The top international tourist destination has both sprawling informal settlements and high-income oceanside neighborhoods. Some say poorer residents are unfairly blamed as concerns rise over wasting precious water. The military is prepared to help secure water collection points if “Day Zero” occurs.

Kirsty Carden with the Future Water Institute at the University of Cape Town said some of the water usage problems lie within the city’s leafy suburbs.

“It has been in the areas where people have gardens, they have swimming pools and they are much more profligate in the way that they use water, because they’re used to the water just being, coming out of the taps,” she said.

Some residents appear to be changing their ways, she said, but “there have been problems in the more affluent areas where people are just, ‘We’ll pay for it.”‘

About a quarter of Cape Town’s population lives in the informal settlements, where they get water from communal taps instead of individual taps at home, Carden said. “And there are always pictures of running taps and broken fixtures and ‘Look at the leakage’ and all the rest. But the reality is that those 1 million people out of a population of 4 (million) only use 4.5 percent of the water.”

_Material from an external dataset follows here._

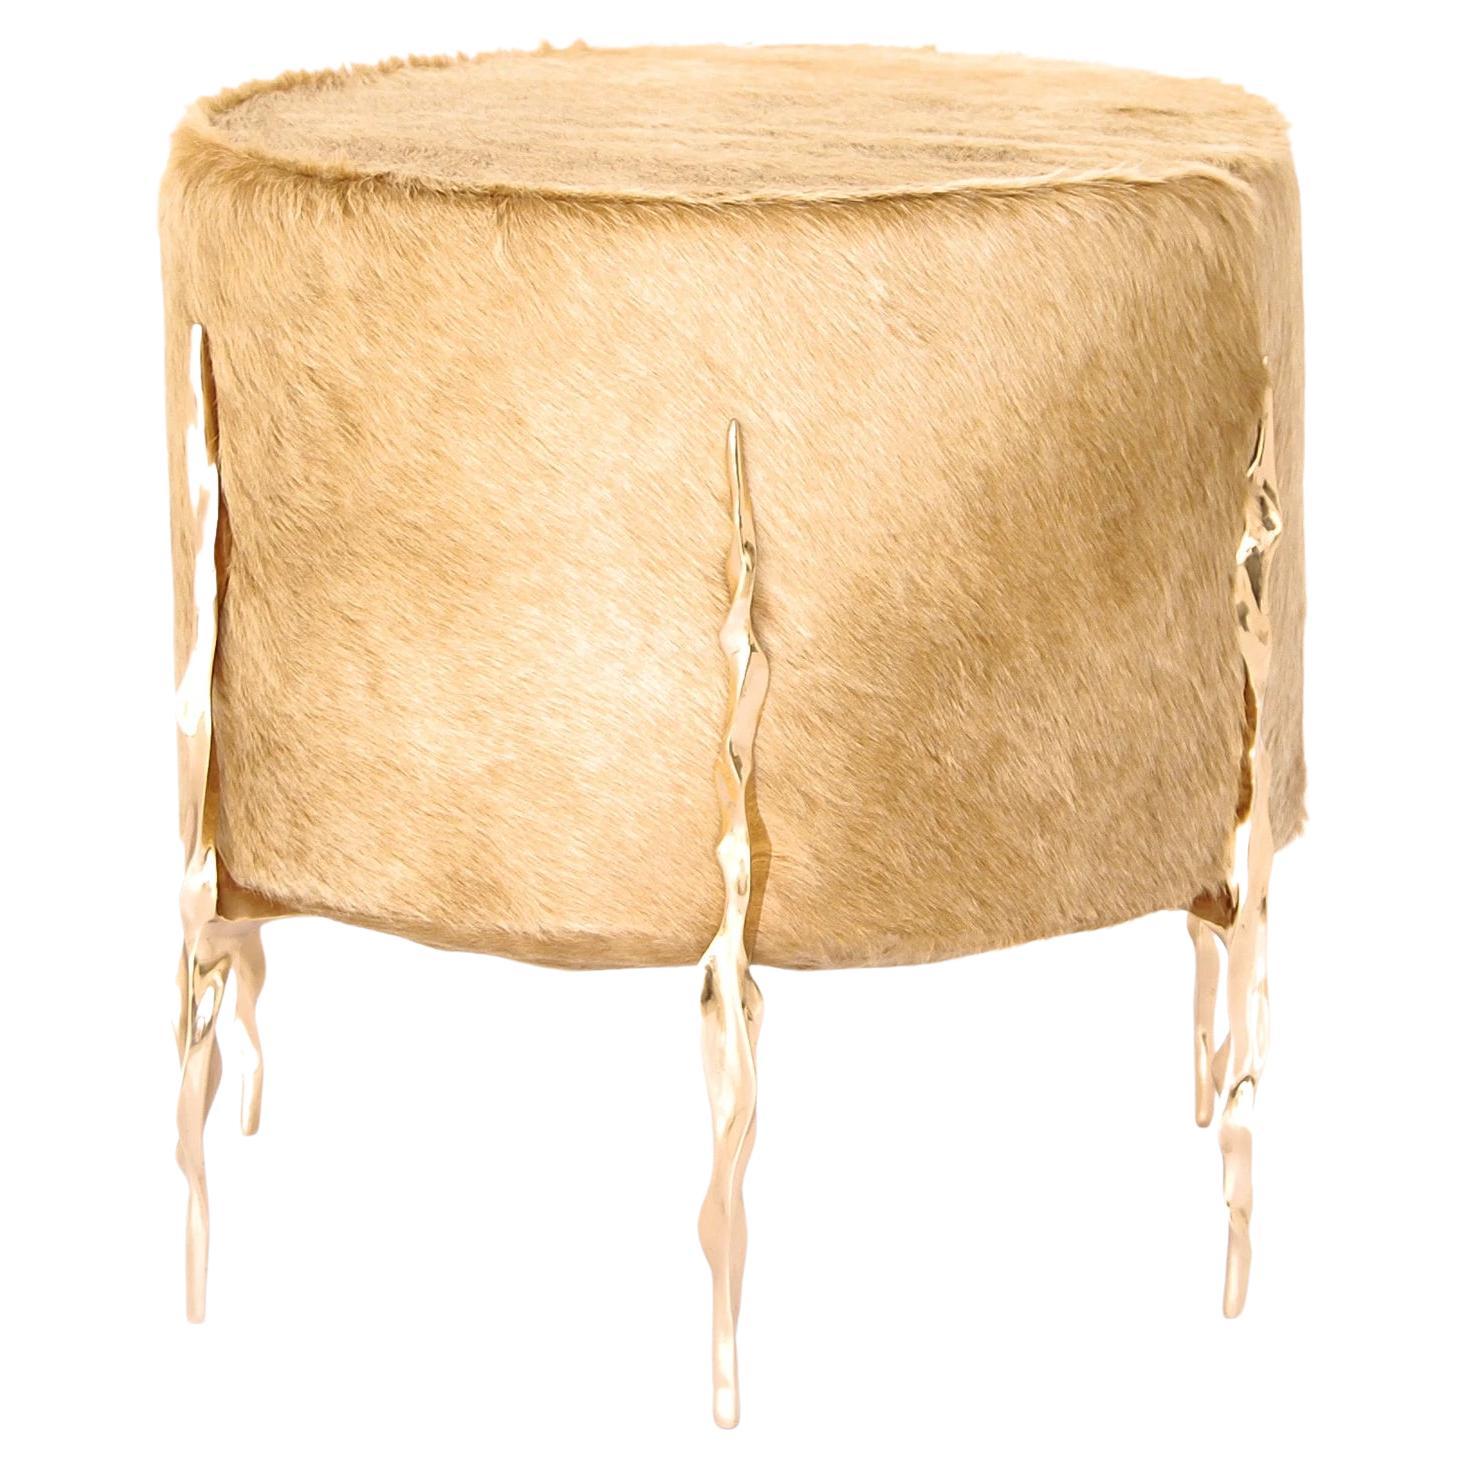 The timeless aesthetic and durability of cowhide meets the modern edged signature Fakasaka styling with 6 spear headed hand molded and carved polished bronze legs, creating the fierce Ava Ottoman.

Hand made to order, this Ottoman is also

In one of the crowded settlements of corrugated-metal homes, resident Vuyo Kazi washed her laundry outside as others poured used water into the street.

“Before, I was using two kettles of water to wash myself,” she said. “So now I use one kettle of water.”

Under new water restrictions that began Thursday, residents are asked to use no more than 13.2 gallons of water daily, down from the previous limit of 23 gallons. The use of city drinking water to wash vehicles, hose down paved areas, fill up private swimming pools and water gardens is illegal. Residents using too much water will be fined.

Some 70 percent of water used in Cape Town is consumed in homes, authorities say. Experts have said causes of the city’s water shortages include climate change and huge population growth. The local reliance on reservoirs, while projects such as desalination plants were largely left to the future, has been hurt by three straight years of drought.

Scientists are watching how authorities cope, as this would be the world’s first major city to go dry.